On one of the episodes of "Iron and Fire" on the History Channel, the smith made a beautiful Damascus knife from braided steel cable. 

What I found interesting was the final hardening. He got the blade to an orange heat, then plunged it into an oil tank that was oriented to magnetic north. Apparently, as the steel cools it regains its magnetic properties, and its crystal structure realigns with the prevailing field. He said he had always had trouble with his blades warping on the final quench until an old timer had told him this trick.

That's something I never read in a book. Pretty cool.


----------



## dwight55 (Nov 9, 2012)

Thanks, sideKahr, . . . interesting to say the least.

I wish I could have had a video recorder, . . . went back in time, . . . and scavenged that type info from my blacksmith grandfather.

May God bless,
Dwight


----------



## SOCOM42 (Nov 9, 2012)

A vertical quench for all practical purposes is the best way to go. virtually no distortion.

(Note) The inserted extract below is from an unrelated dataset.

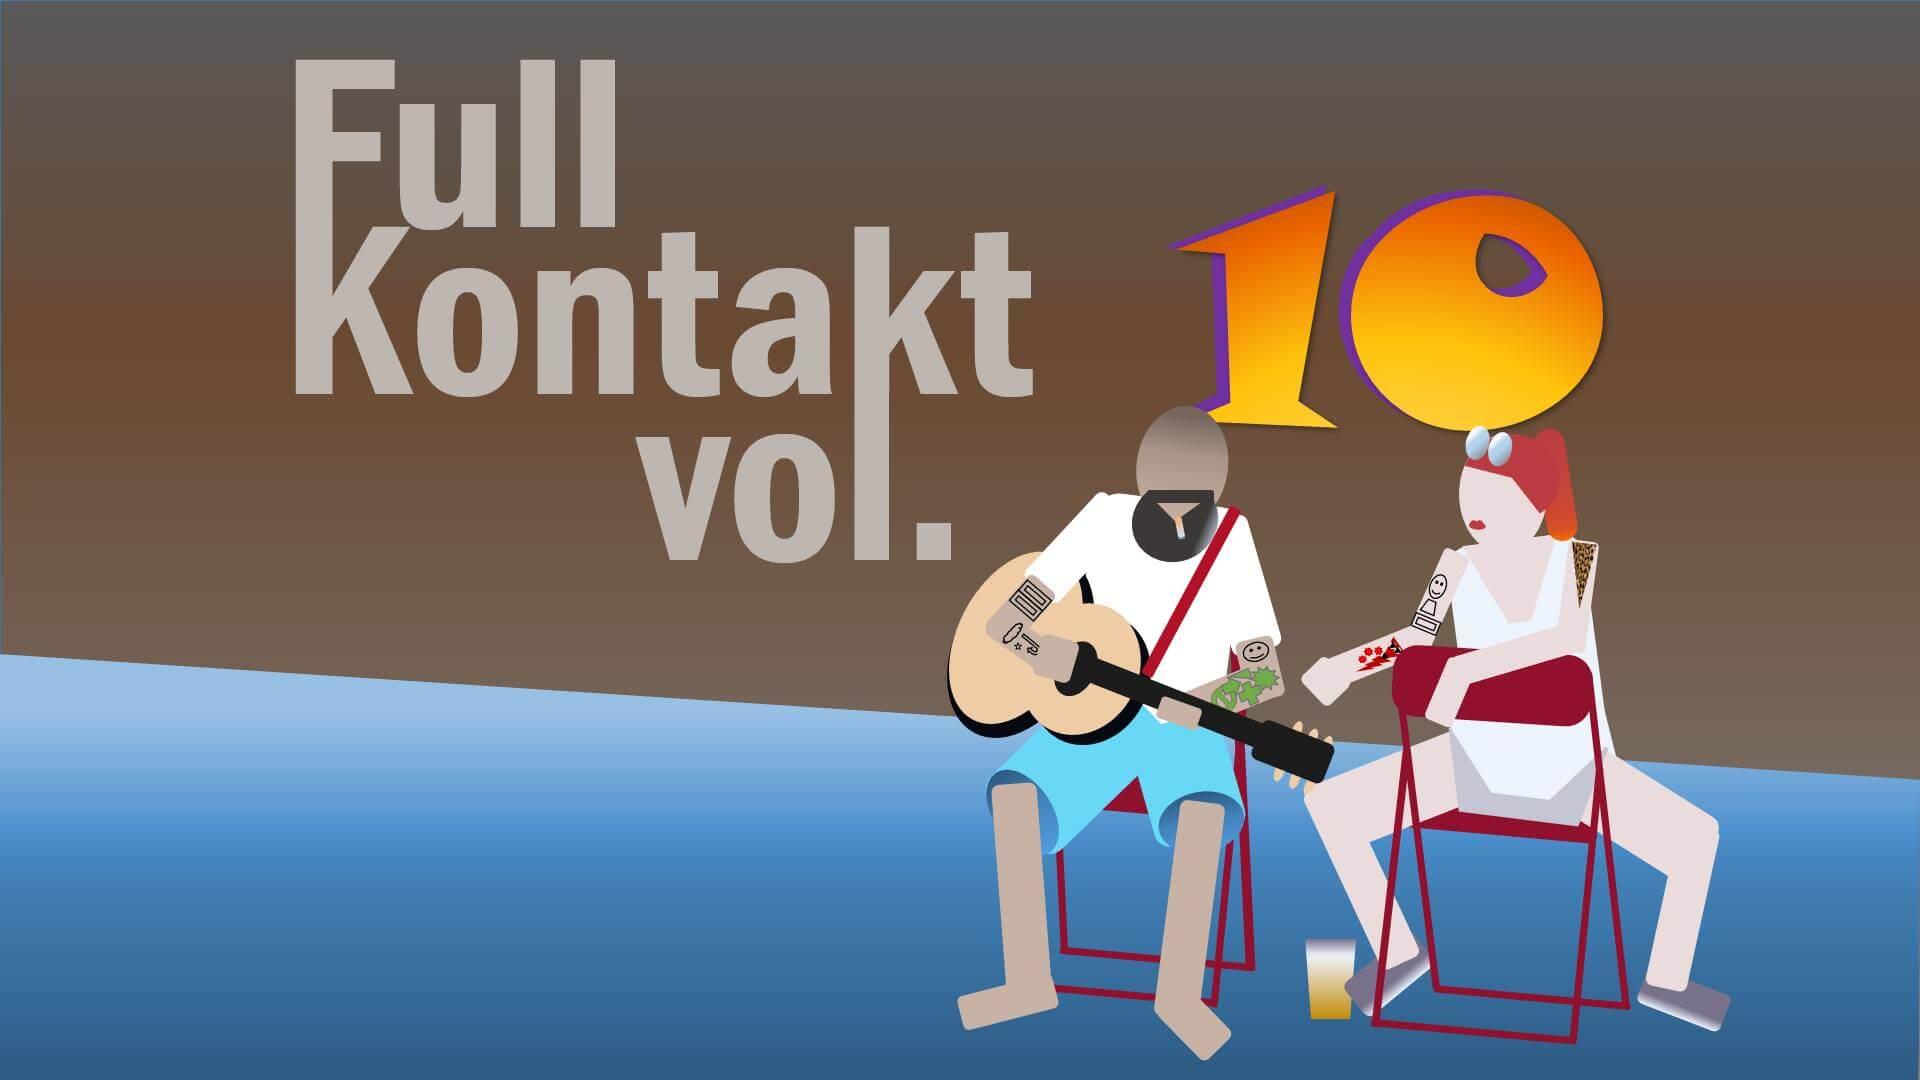 Full Kontakt vol. 10

I have been hand forging for 60 years on the side as a half hobby. 

Today for the most part it is a lost art.

Example, I mentioned in a past thread storing rock salt for SHTF for adding to quench water.

I was asked why by someone who does forging.

Unknown was the factor that it raises the boiling point of the water, makes for a more effective quench for WH steel.


----------



## Targetshooter (Dec 4, 2015)

I watch the show , the new season starts in a few weeks .


----------